Zygmunt Milczewski (1 October 1905 – 2 June 2001) was a Polish historian associated with Pomerania, a community leader in the Second Polish Republic, and World War II resistance fighter in the underground Home Army (Armia Krajowa) with the postwar rank of Lieutenant (porucznik). During the darkest years of Stalinism in Poland he spent three years in prison from 1949 to 1952 as a so-called enemy of the state along with thousands of other political prisoners persecuted by the communist Urząd Bezpieczeństwa.

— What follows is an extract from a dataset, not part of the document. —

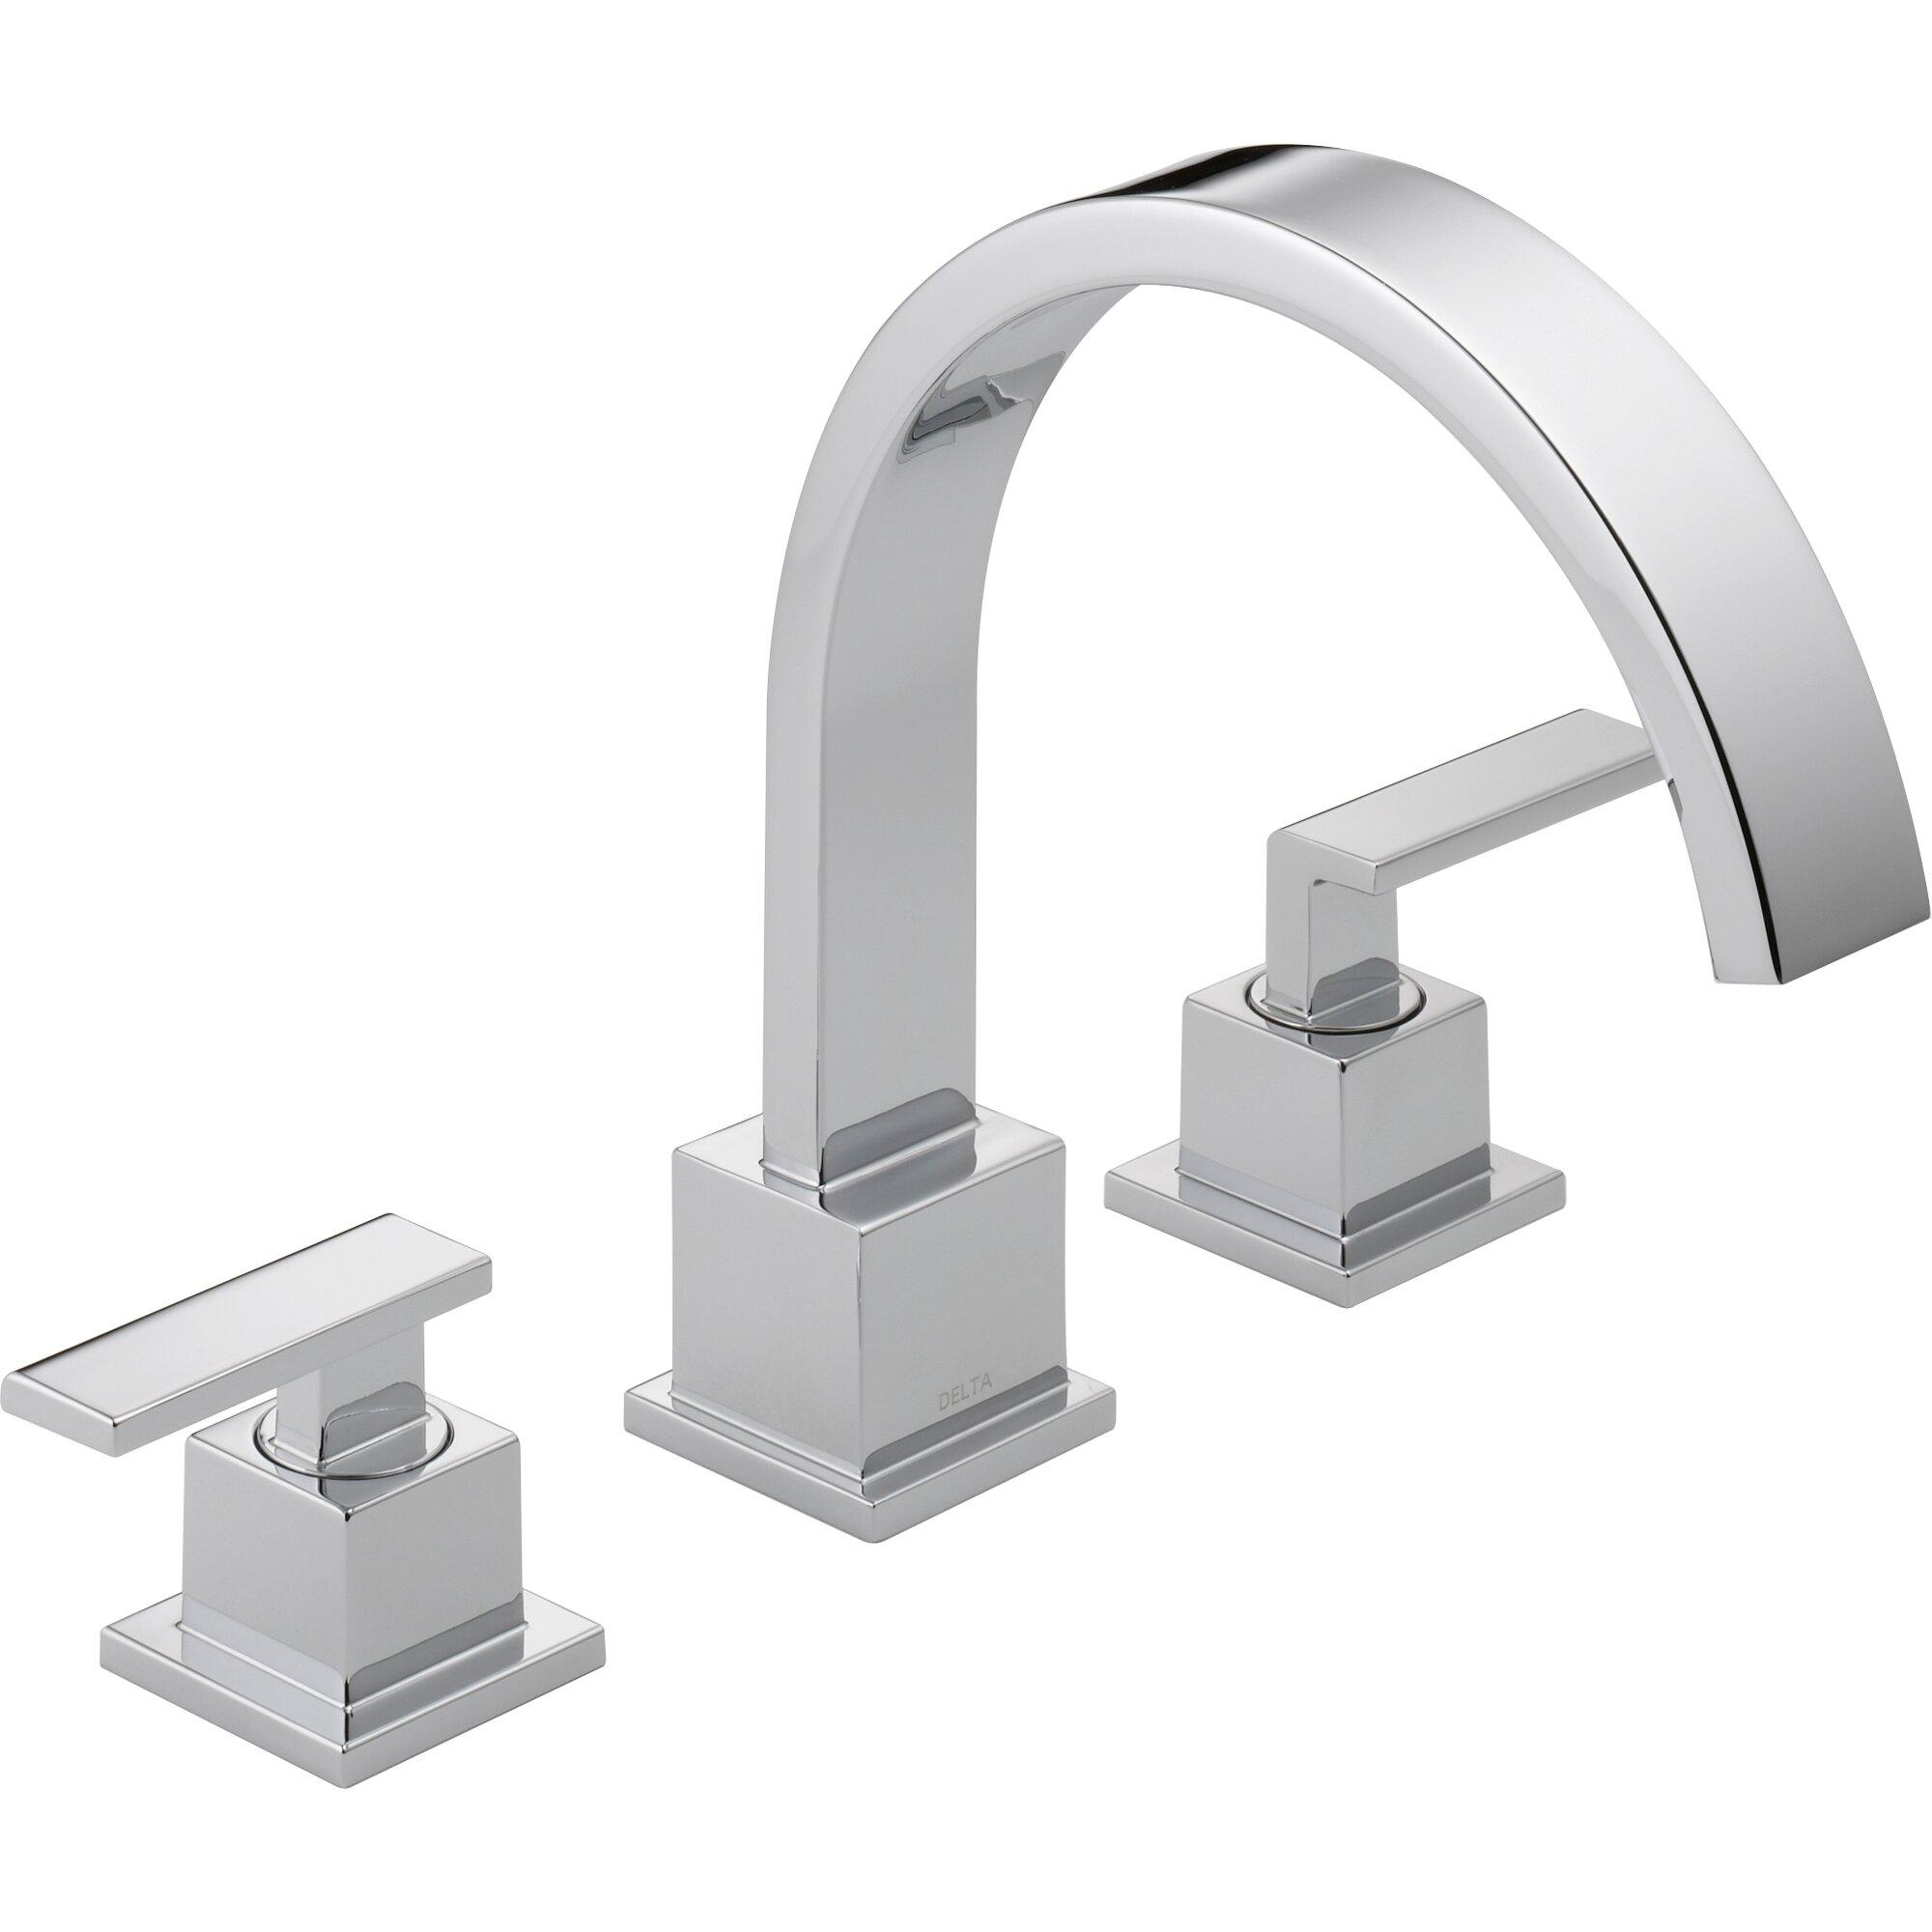 Delta Vero Double Handle Deck Mount Roman Tub Faucet Trim - Wall mount roman tub filler
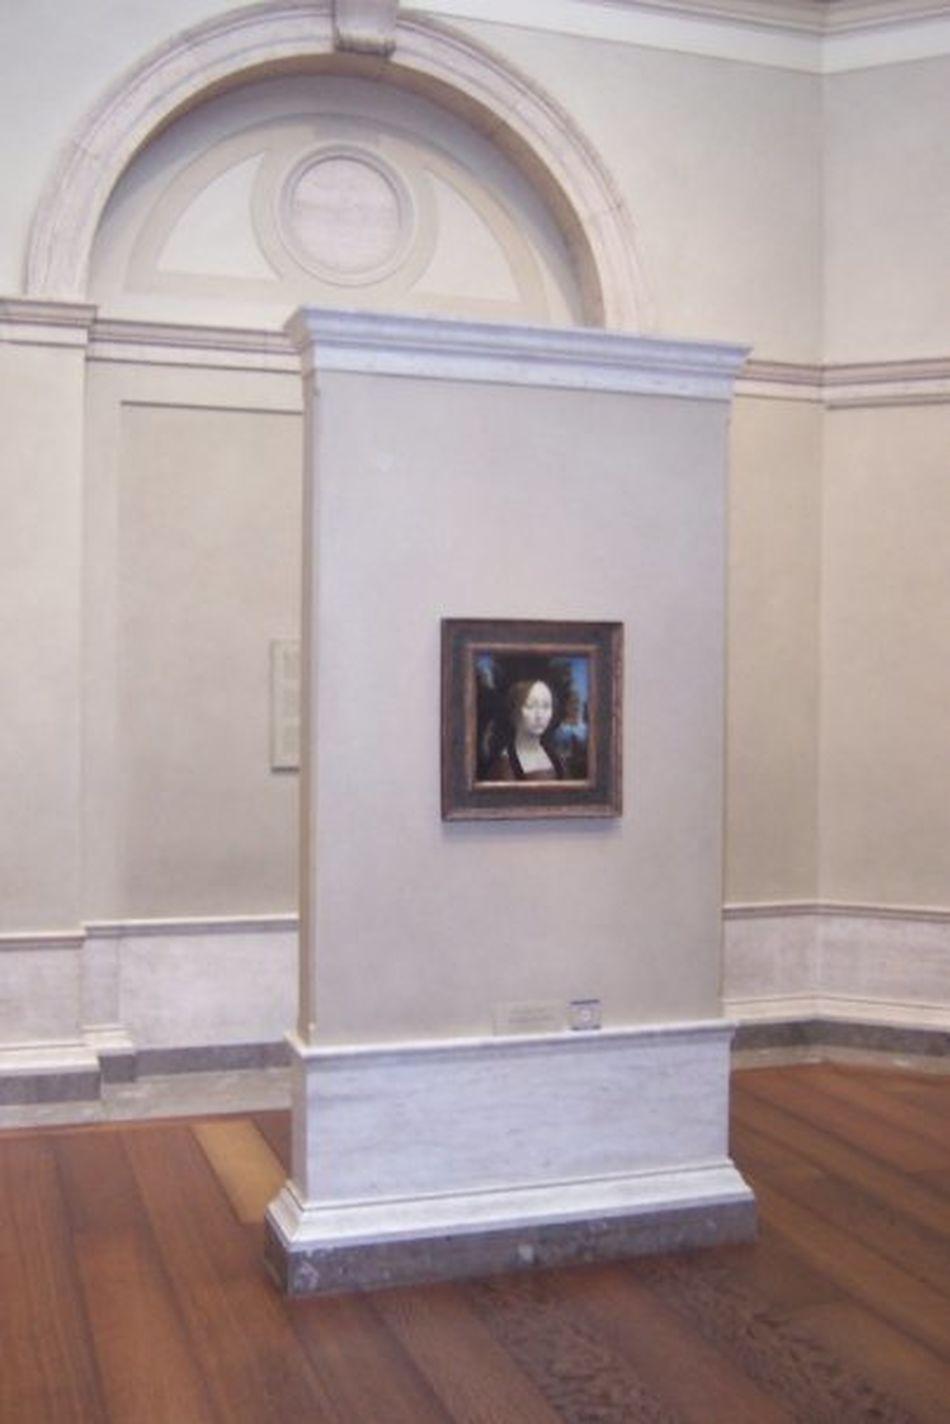 1474 - 1478 Florentine School Ginevra De' Benci Indoors  Leonardo Da Vinci National Gallery Of Art National Gallery Of Art, Washington DC Portrait, Female Washington DC

Milczewski is best remembered for his research into wartime history of his beloved province, with special focus on the attempted genocide of ethnic Poles of Pomerania in the course of Nazi Operation Tannenberg, known as Intelligenzaktion, including massacres in Piaśnica among various atrocities and expulsions.

==Life and work==
Milczewski was born in Strzepcz near Wejherowo. He graduated from the Warsaw University in the field of economics and took up a post of secretary to mayor (wójt) of a rural community of Rumia-Zagórze in the interwar Poland; credited with helping the town grow quicker. After the invasion of Poland by Nazi Germany, Milczewski relocated to Kraków in the southern part of occupied Poland and joined the anti-Nazi underground, nom de guerre Wąsowicz. In 1942 he was assigned to Komenda Okręgu AK Kraków-Miasto (pl) with the rank of Podporucznik (the Second Lieutenant). For his resistance activities he was awarded four times by the Polish government-in-exile Ministry of National Defence (Ministerstwo Obrony Narodowej) with the Medal of Valor and the Cross of AK, locally. After the defeat of Nazi Germany Milczewski returned to Wejherowo and soon began his research into ani-Nazi resistance in Pomerania. His was thrown in prison in 1949 with the onset of the Stalinist terror in postwar Poland, and released in 1952. Milczewski was a member of the Światowy Związek Żołnierzy Armii Krajowej (World Union of the Home Army Soldiers). He died on 2 June 2001 at the age of 95, and was buried in Wejherowo.

===Wejherowo chronicle===
Milczewski published his heartrending book Wejherowo i Powiat Morski: Wrzesień 1939 - Maj 1945 (Wejherowo and the Marine County: September 1939 till May 1945) in Gdańsk soon after the collapse of the Soviet empire. Void of any emotional interpretation the book presents a chronological account of persecution of the Polish people in the town and its environs based on German and Polish archives, testimonies of survivors, his own historical research, and materials collected by the Polish scientific community. One of the more shocking facts revealed by Milczewski was that the large German minority who, for decades, lived next door to Polish Kashubians, have expressed hatred and rage towards them in that period, leading to nothing but death and destruction and yet Poles resisted the state-sanctioned Germanization.

==Books==
- Zygmunt Milczewski, Wejherowo i powiat morski : wrzesień 1939 - maj 1945 : kronika Publisher: Gdańsk : [Selbstverl.], 1990.